George was running around the interior of the secondary craft, sniffing and exploring. The voluminous central chamber was lined with what looked like giant ice cream scoops: seats or lounges for a couple of dozen Vilenjji forced to abandon ship. With Sque beckoning them onward, they passed through the chamber and into a smaller one beyond. Though it boasted the same customary high ceiling, it overflowed with tiny projection devices and other arcane instrumentation whose purposes Walker did not even attempt to grasp. There were also two more of the archetypical body scoops. As the escapees studied their surroundings, several projection devices winked to life. Bits of dense light, like floating kanji characters mated with exotic flowers, appeared in the air around them. The majority were concentrated forward of the portal through which they had just entered.
“Up,” Sque commanded impatiently. For once, an energized Braouk responded without comment, poetical or otherwise. Placing two tentacles next to each other, the Tuuqalian provided a sturdy pedestal for the much smaller K’eremu. Effortlessly, Braouk lifted her up into the web of hovering light-shapes. Gripping his tree-trunklike supportive limbs with half a dozen of her own much smaller ones, she launched into an intense study of the softly glowing, evanescent structures that now surrounded her like so many curious pixies.
That left the two Terrans free to explore the corners of the craft’s forward chamber. So elated were both of them at their success in having coming this far that Walker took no offense at Sque’s patronizing directive, “Do not touch anything the function of which you do not understand. Which is to say, do not touch anything.”
“We’re still a long ways from getting free of the Vilenjji,” George reminded him, trotting alongside. “We’re still a long ways from anywhere.”
“But we have a chance,” Walker told him. “It might be no more than a minuscule chance, but that’s more of one than we had squatting in our enclosures like so many—”

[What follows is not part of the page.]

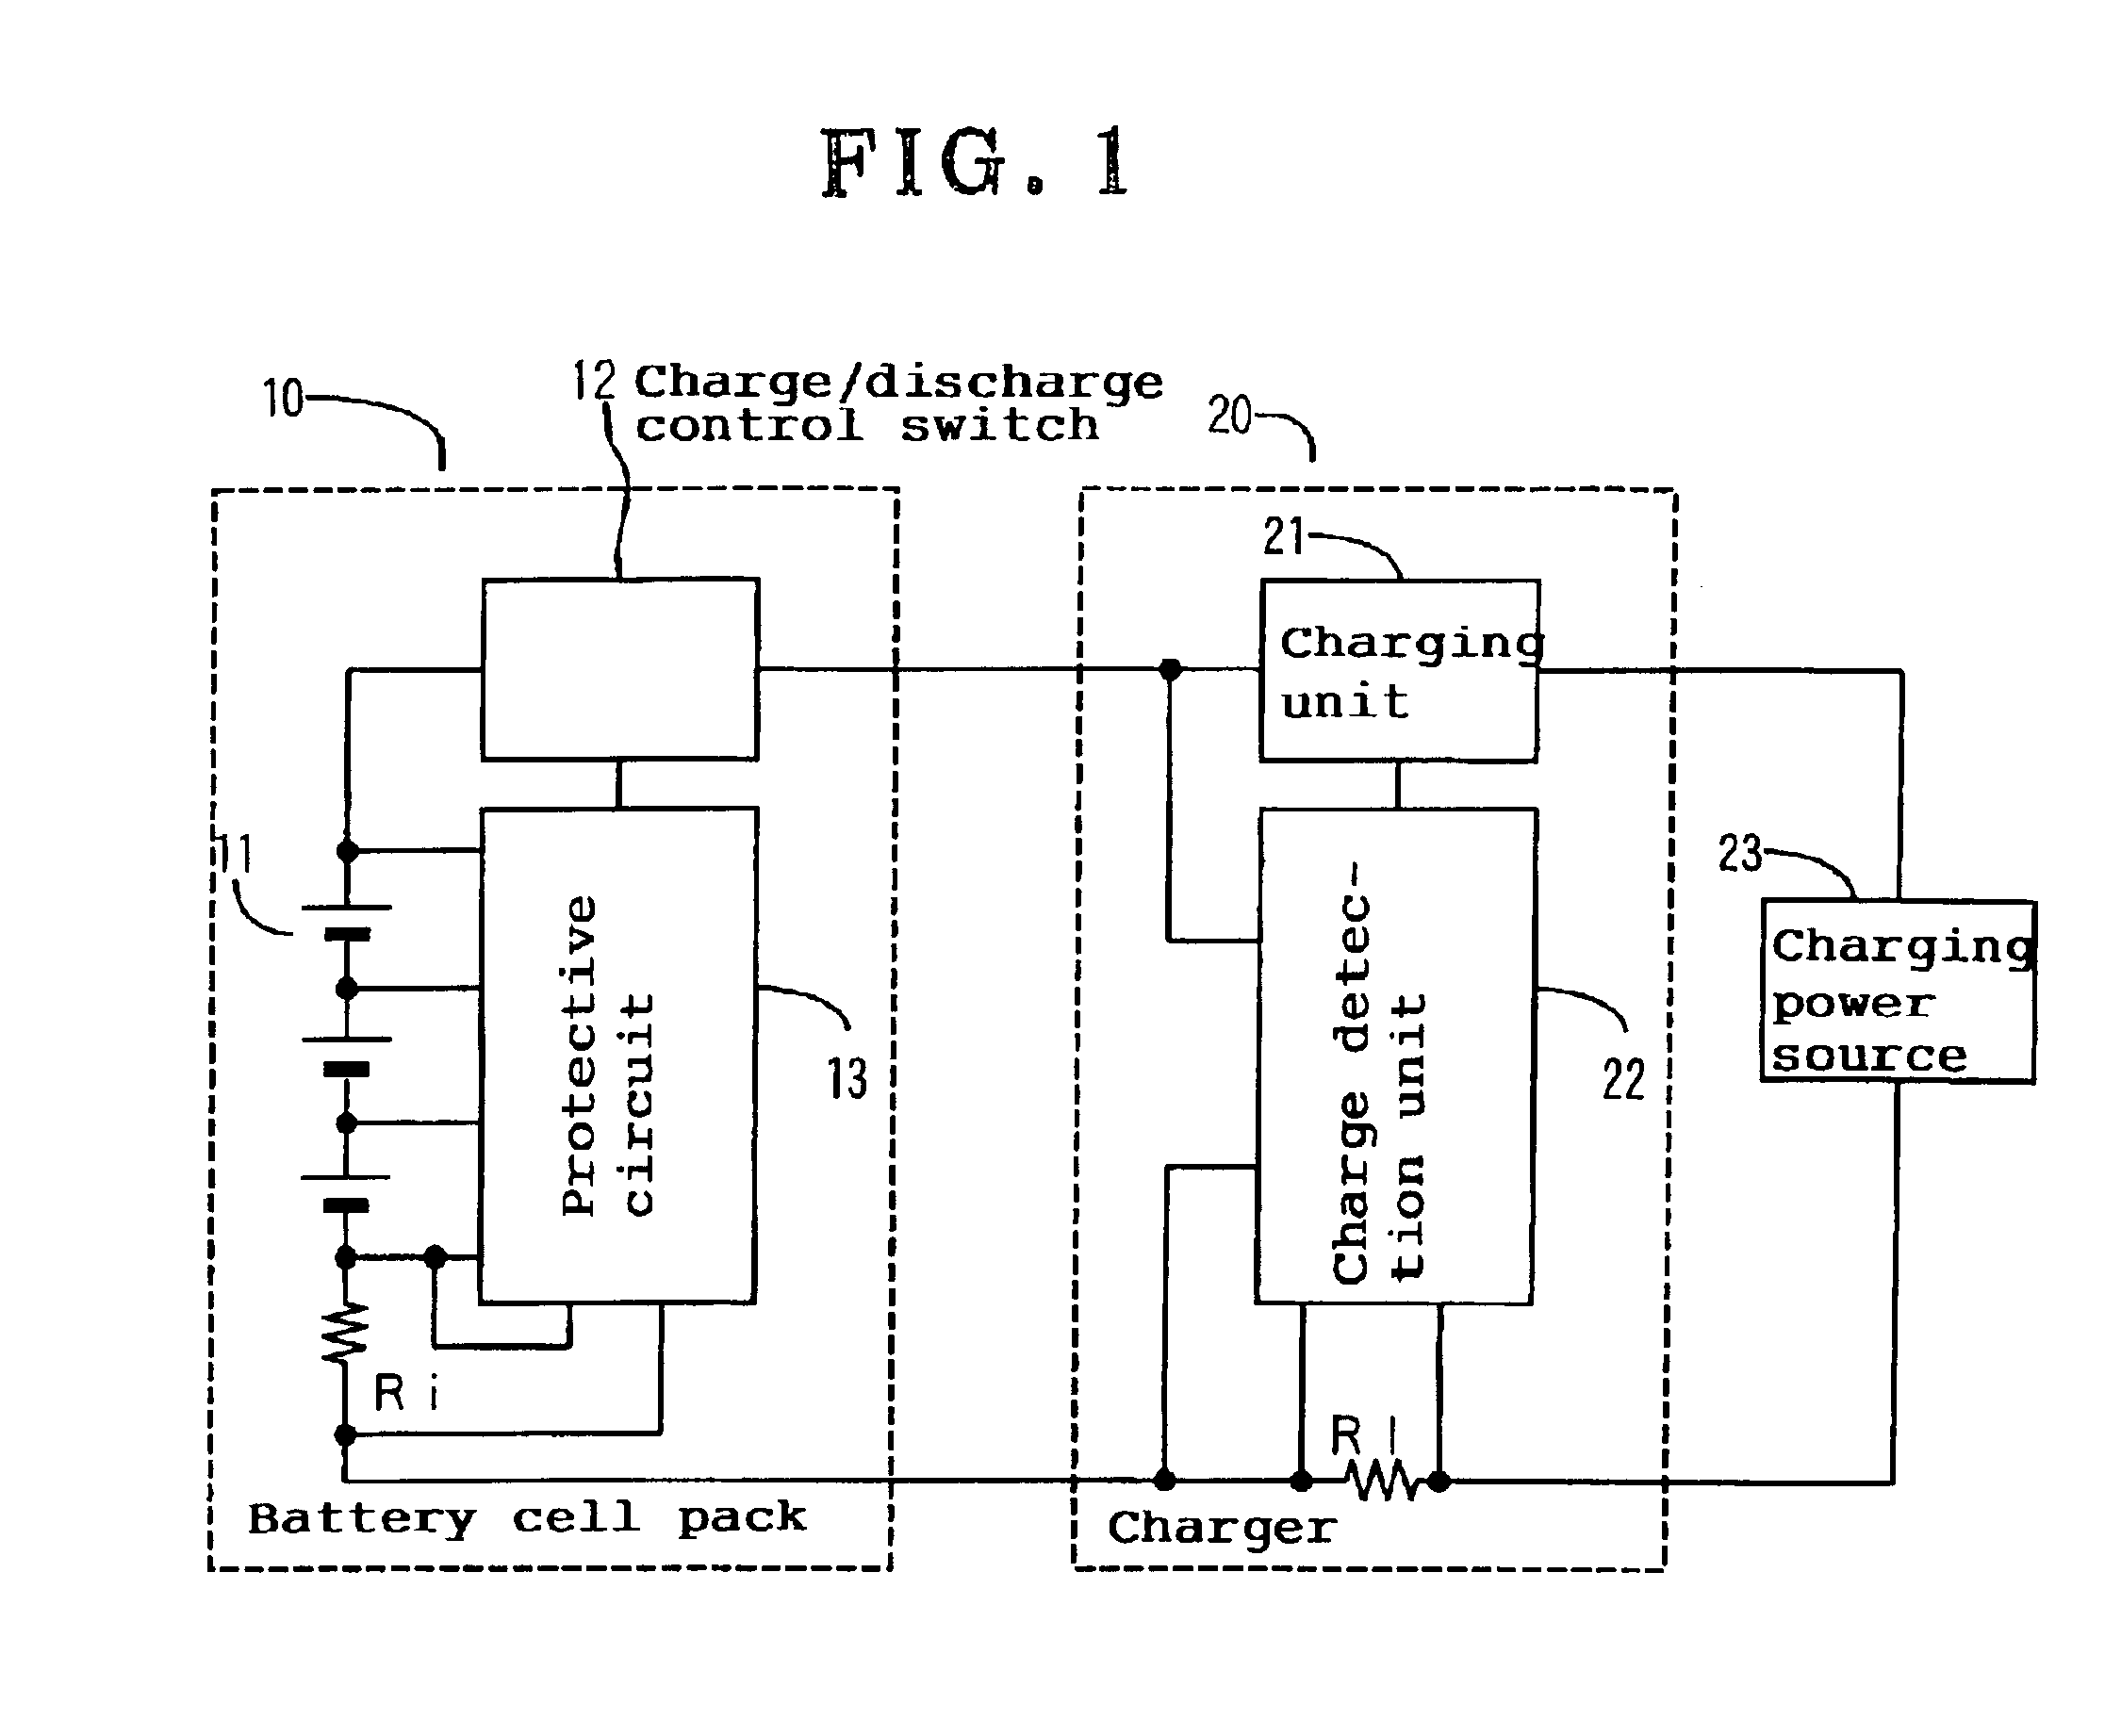 Multi-series connection type battery cell pack for reducing self-consumption over a long period of time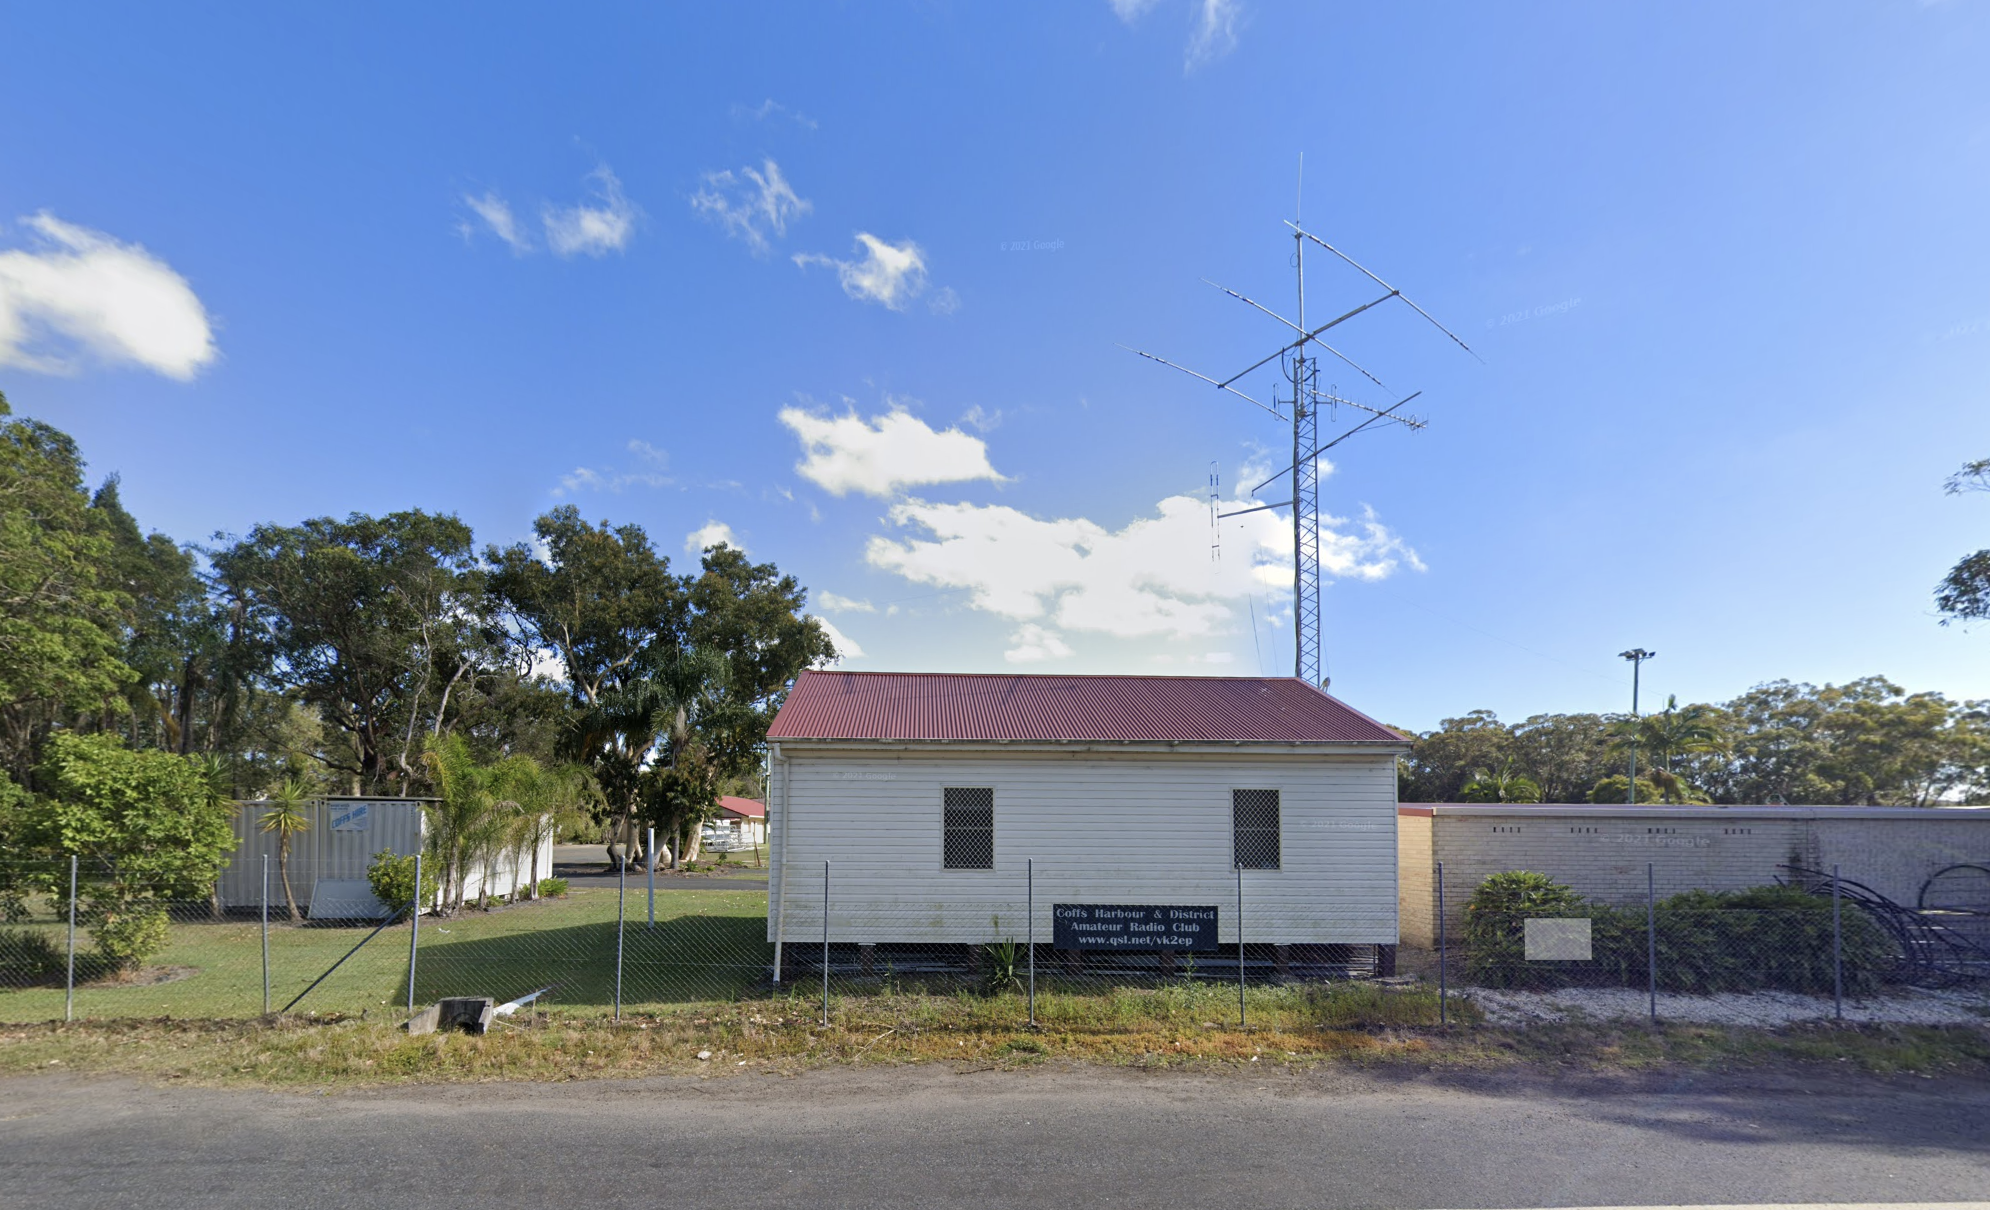 Coffs Clubhouse Repeater site

“Dogs in a pound?” George finished for him.
Walker looked down at his friend. “I wasn’t going to say that,” he replied somberly.
“Doesn’t matter. I wanted to. Remember it the next time you find yourself comparing degrees of freedom.” The black nose rose and dipped to indicate a nearby patch of luminous alien imagery. “Wonder what that does?”
Walker eyed the cluster of carmine and orange lights that formed an eye-catching basket of floating photons in front of them. Unlike similar luminosities that hovered above their heads at Vilenjji limb-level, this out-of-the-way mass of drifting radiance was practically resting on the deck. Head down, George approached it with his usual caution.
Walker added to it. “Sque said not to touch anything.”
“Doesn’t smell.” The dog raised its head. “It’s just light. Why does she get to give all the orders? Why does she get to do everything?”
“Because she knows how,” Walker reminded him. “Because she’s a representative of the high and mighty all-knowing, all-seeing, all-stuck-up but inarguably ingenious K’eremu. Because if anyone’s going to get us out of this, it’s her.”
“Screw that,” George shot back. “It’s time I was treated like a dog.” So saying, and before a startled Walker could move to stop him, he reached out with his front right leg and gently pawed the bundle of hovering lights.
His claws went right through the drifting shape. They were nothing but lights, after all. Then a rising hum made both of them turn.
“I told you not to touch anything,” Sque called down to them from her perch atop the Tuuqalian’s extended limbs. Encouragingly, she did not sound any more than usually scornful, much less worried.